Иные судят, что преобладает
Среди людей дурное над хорошим,
Но я другого мненья: в человеке
Добро преобладает, а не зло,
Иначе бы не мог и свет стоять.

Но чем дальше шло время, тем труднее становилось «философу сцены» разобраться, кто же, собственно, внушает ему жалость и сострадание, где же они, эти люди, добрыми делами которых держится мир? Кто они — разноплеменные рабы, обнищавшие земледельцы, варвары, спартанцы, беотийцы или же его сограждане-афиняне, сребролюбие и жестокость которых приводили его порой просто в отчаяние? Конечно, не все были такими, но другие молчали, затаившись в безнадежности и страхе, а «худшие», как казалось поэту, были на самом верху, непобедимые своей наглостью.
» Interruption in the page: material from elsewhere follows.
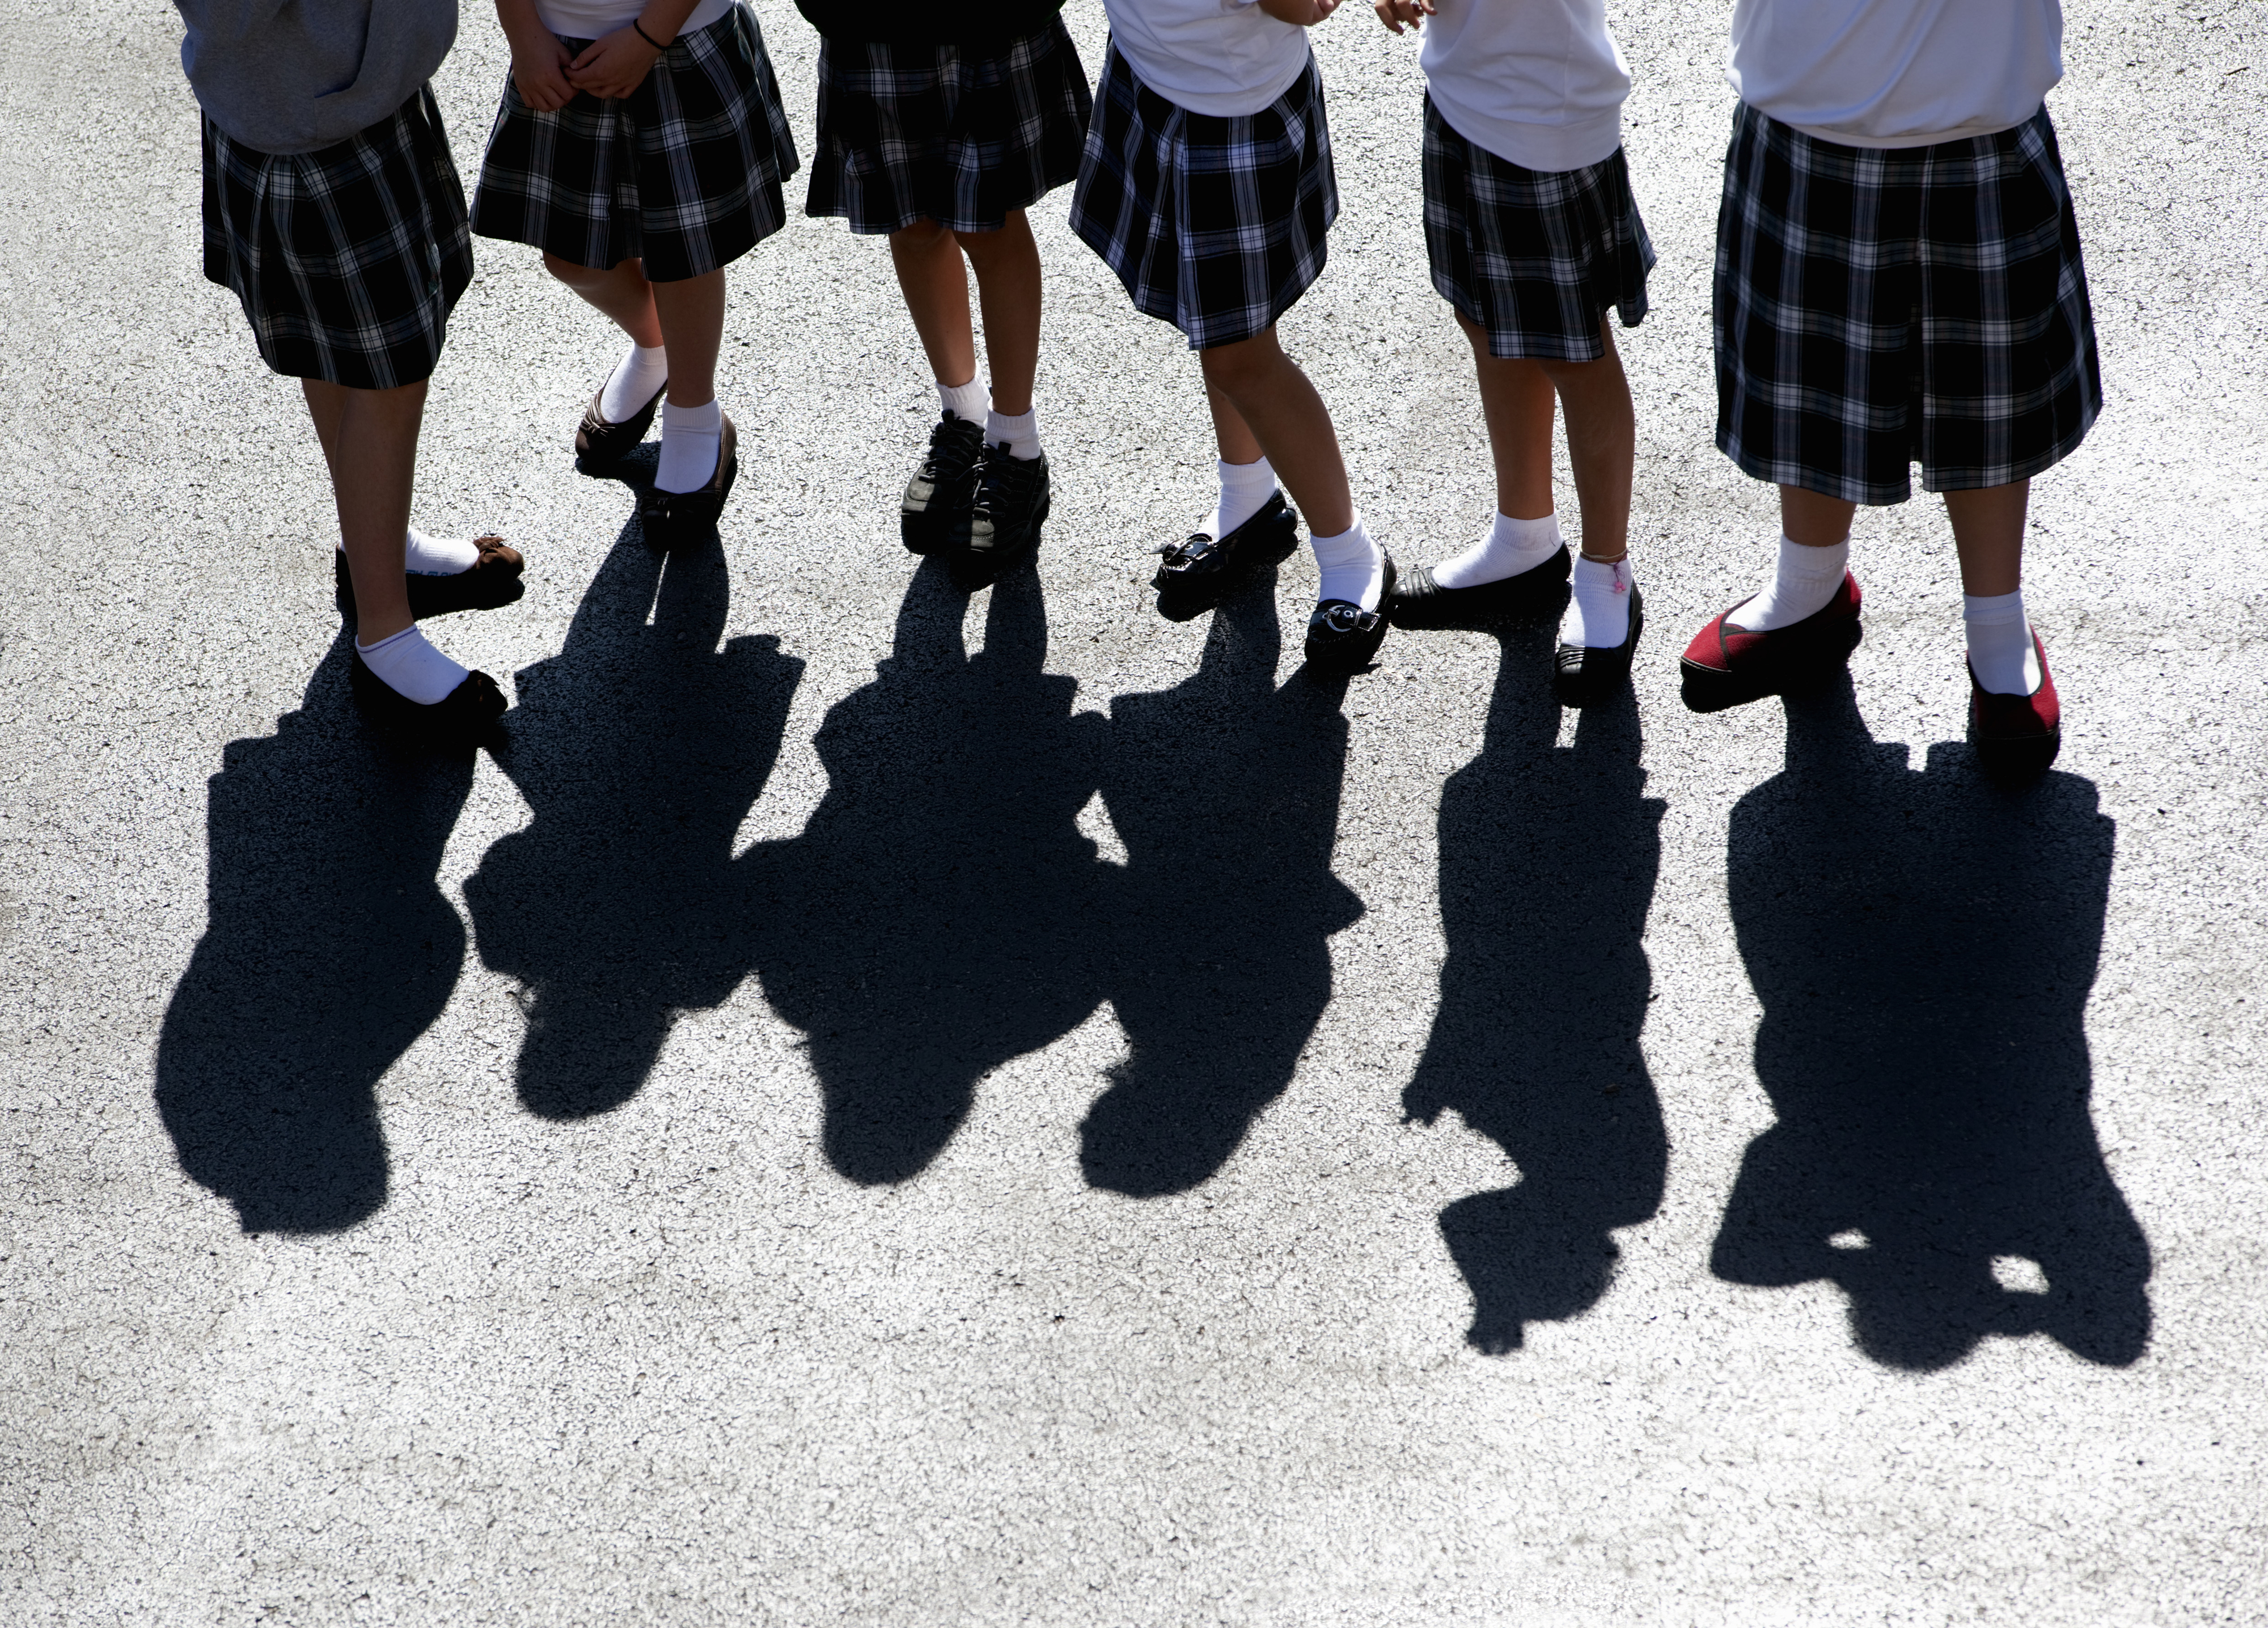 Girls wearing parochial school uniforms

Ученик Протагора, который должен бы был, казалось, хорошо разбираться во всех извивах души человеческой, в особенностях людских характеров, Еврипид давно уже был вынужден признать, что он не в состоянии этого сделать, что этому, видимо, не научит никакая наука, как никакая мудрость не спасает от лжи:

О, если бы хотя малейший знак
Имели мы, но верный, чтобы друга
От недруга и лживые слова
От истины мы сразу отличали…
Два голоса пускай бы человек
Имел — один, особенный, для правды,
Другой — какой угодно. Ведь тогда
Разоблачать всегда бы ложь могли мы.
Игралищем людей не становясь…

И, до бесконечности усталый быть этим «игралищем» поэт с каждым годом все больше отходил от былой своей дерзости, дерзости мысли и планов, печально склоняясь к тому фатализму, который составлял сущность восприятия мира древним человеком и подняться выше которого, бросая вызов всей зыбкости бытия того времени, было дано лишь немногим. Горькие мысли о том, что стремящийся проникнуть в суть бытия человек обречен навсегда оставаться непонятым и одиноким, что «труд и борьба — только лишние муки», уносили те последние искры радости жизни, что еще теплились в сердце угрюмого сына Мнесарха, и даже то, что ему было доступно высшее, как утверждали древние мудрецы и философы, из наслаждений — наблюдение и познание мира, даже это не представлялось теперь самоцелью и таило в себе горькие семена грядущих разочарований. Все казалось напрасным, он видел, что впереди его ждет участь Анаксагора, вышвырнутого из города, или же Протагора, превращенного расхожею молвой в шута и шарлатана; и было поистине непонятно, почему же те самые люди, которые прозвали Умом великого клаземенца, сочли его лишним в своем обществе, и почему, соглашаясь с оракулом относительно его собственной, Еврипидовой мудрости, сограждане все настойчивее и чаще указывают ему на дверь? Сохранился один из скульптурных портретов поэта этого времени (колоссальный бюст из паросского мрамора, хранящийся в ватиканском музее, в чертах которого, навеки запечатленные неизвестным художником, проглядывают «та серьезность, мрачность и неприветливость, в которой упрекали его комики, та нелюбовь к веселью и смеху, с которой так согласуется его любовь к уединению» — уединению философа, снедаемого неистребимым желанием проникнуть в загадки бытия…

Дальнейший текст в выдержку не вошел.